Pelatihan Penguatan Kapasitas Fasilitator dan Calon Pengurus Perlindungan Anak Terpadu Berbasis Masyarakat (PATBM) untuk Pencegahan Perkawinan Anak di Wilayah Kota Banjarmasin

PADA 7 Agustus 2023, bertempat di Favehotel Ahmad Yani Banjarmasin, Rumah KitaB bekerja sama dengan Dinas Pemberdayaan Perempuan dan Perlindungan Anak (DP3A) Kota Banjarmasin telah menyelenggarakan kegiatan Pelatihan Penguatan Kapasitas Fasilitator dan Calon Pengurus PATBM untuk Pencegahan Perkawinan Anak di Wilayah Kota Banjarmasin. Kegiatan tersebut dapat terselenggara atas dukungan AIPJ2.

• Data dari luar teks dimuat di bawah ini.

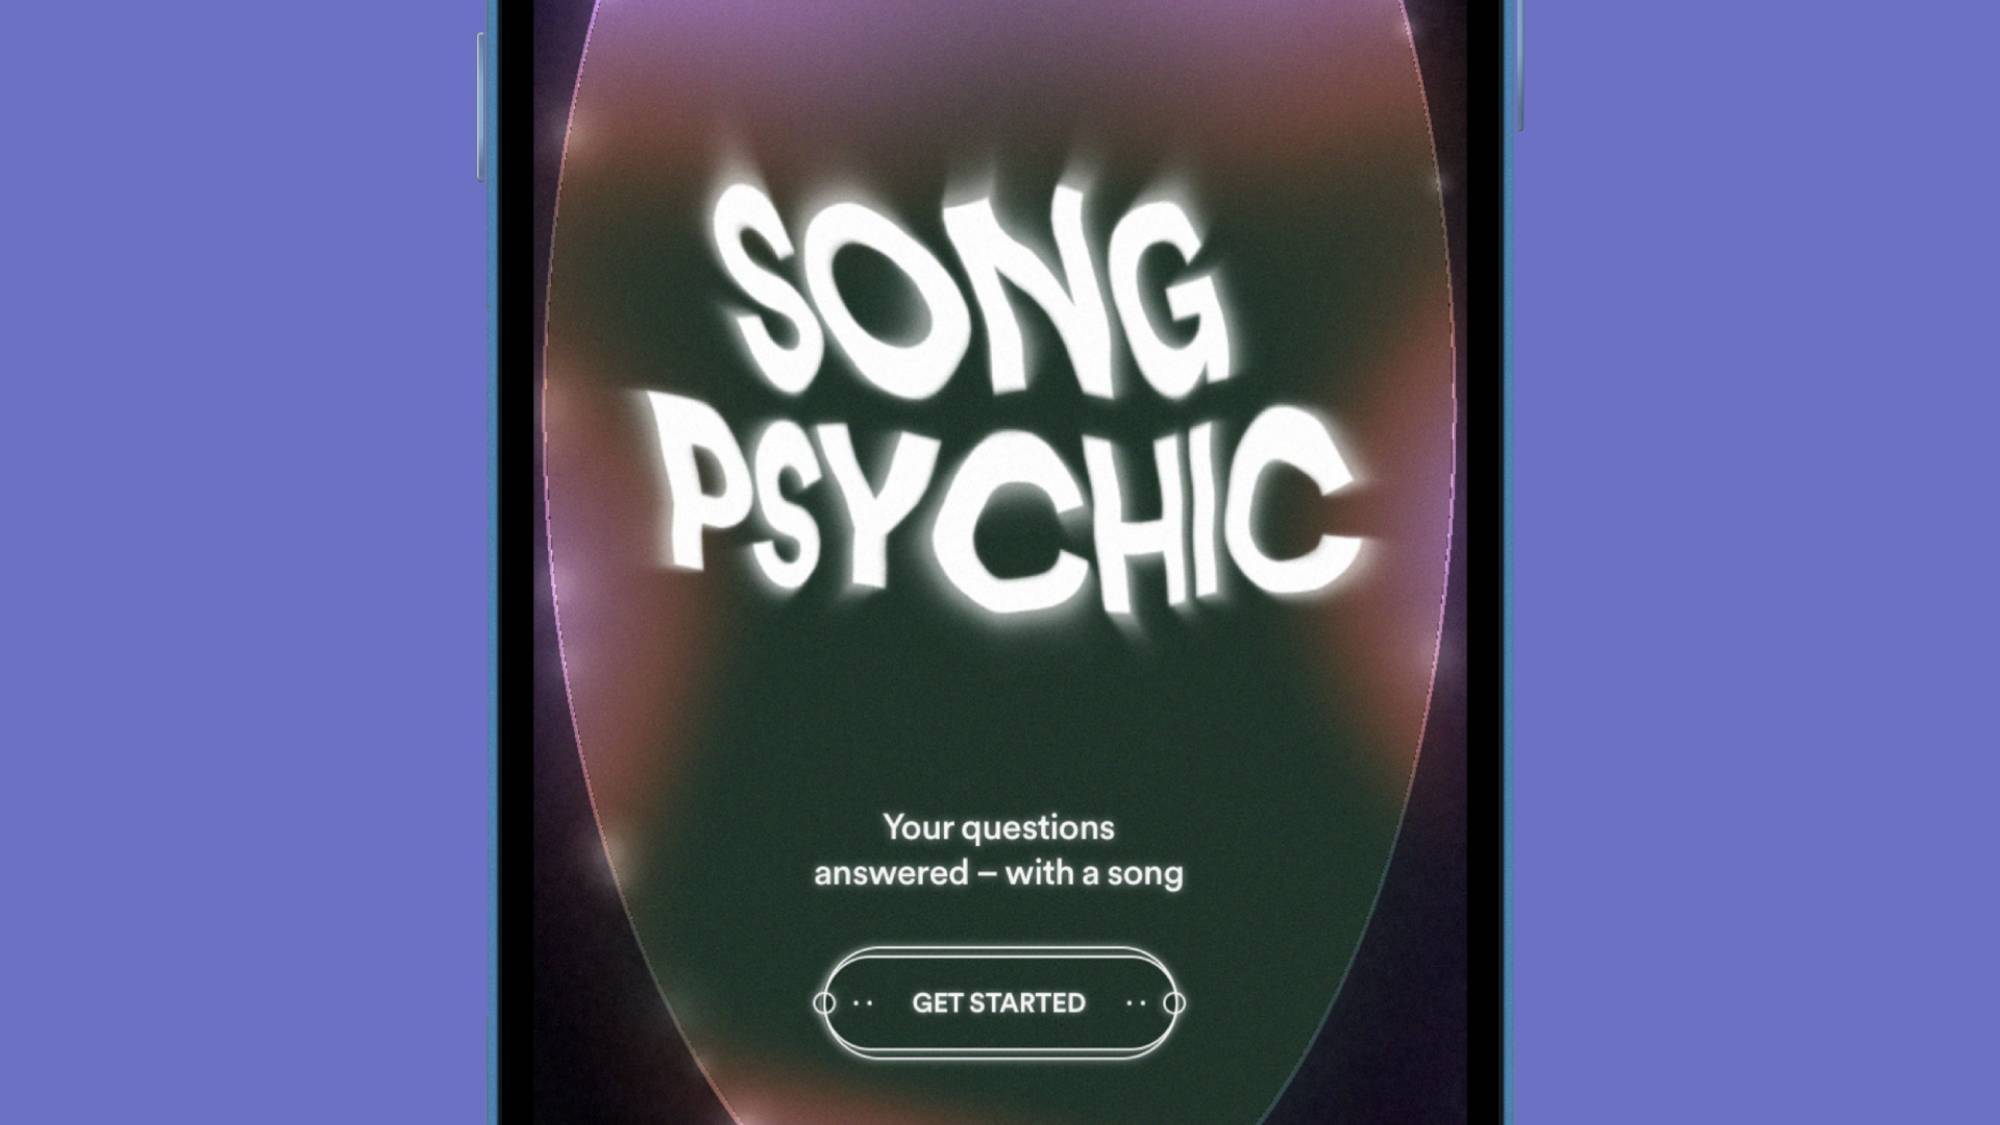  Название и страница приветствия Spotify Song Psychic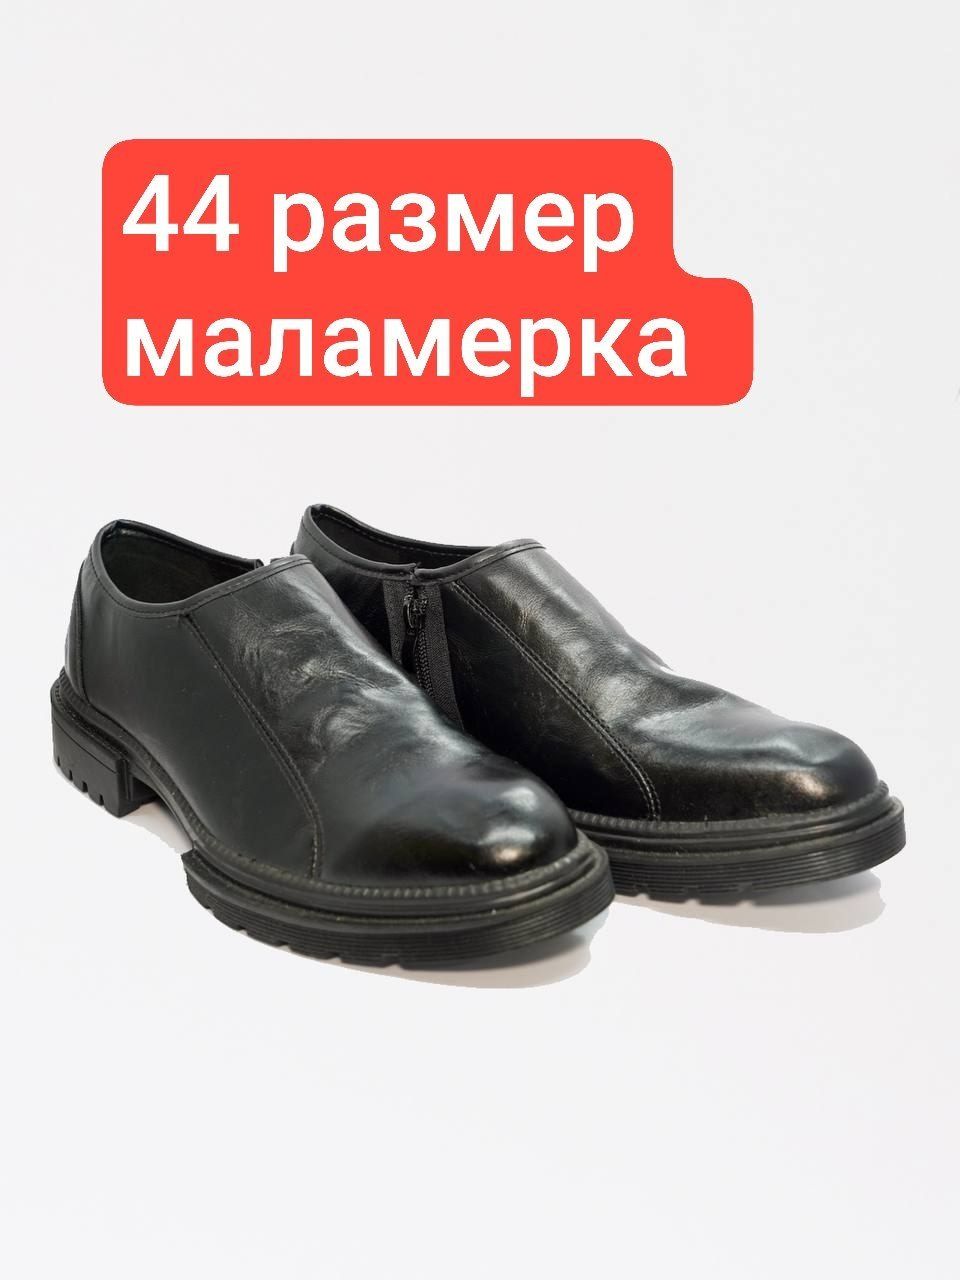 Мужской обувь качества

Kegiatan pelatihan berlangsung selama tiga hari, sejak 7 Agustus hingga 9 Agustus 2023. Pada acara pembukaan hari pertama pelatihan dihadiri oleh 24 orang peserta, terdiri dari fasilitator PATBM DP3A Kota Banjarmasin, PATBM Kecamatan Banjarmasin Timur, PATBM Kecamatan Banjarmasin Selatan, PATBM Kecamatan Banjarmasin Tengah, dan Satgas PPA Kota Banjarmasin. Juga hadir secara langsung Plt. Kepala DP3A Kota Banjarmasin, yaitu M. Helfiannor. Selain itu, hadir juga perwakilan KPPPA dan Bappenas yang hadir secara online via zoom meeting, yaitu Rohika Kurniadi Sari, S.H. M.Si (Asisten Deputi Bidang Pemenuhan Hak Anak atas Pengasuhan dan Lingkungan KPPPA), dan Yosi Diani Tresna (Plt. Direktur KPAPO Bappenas).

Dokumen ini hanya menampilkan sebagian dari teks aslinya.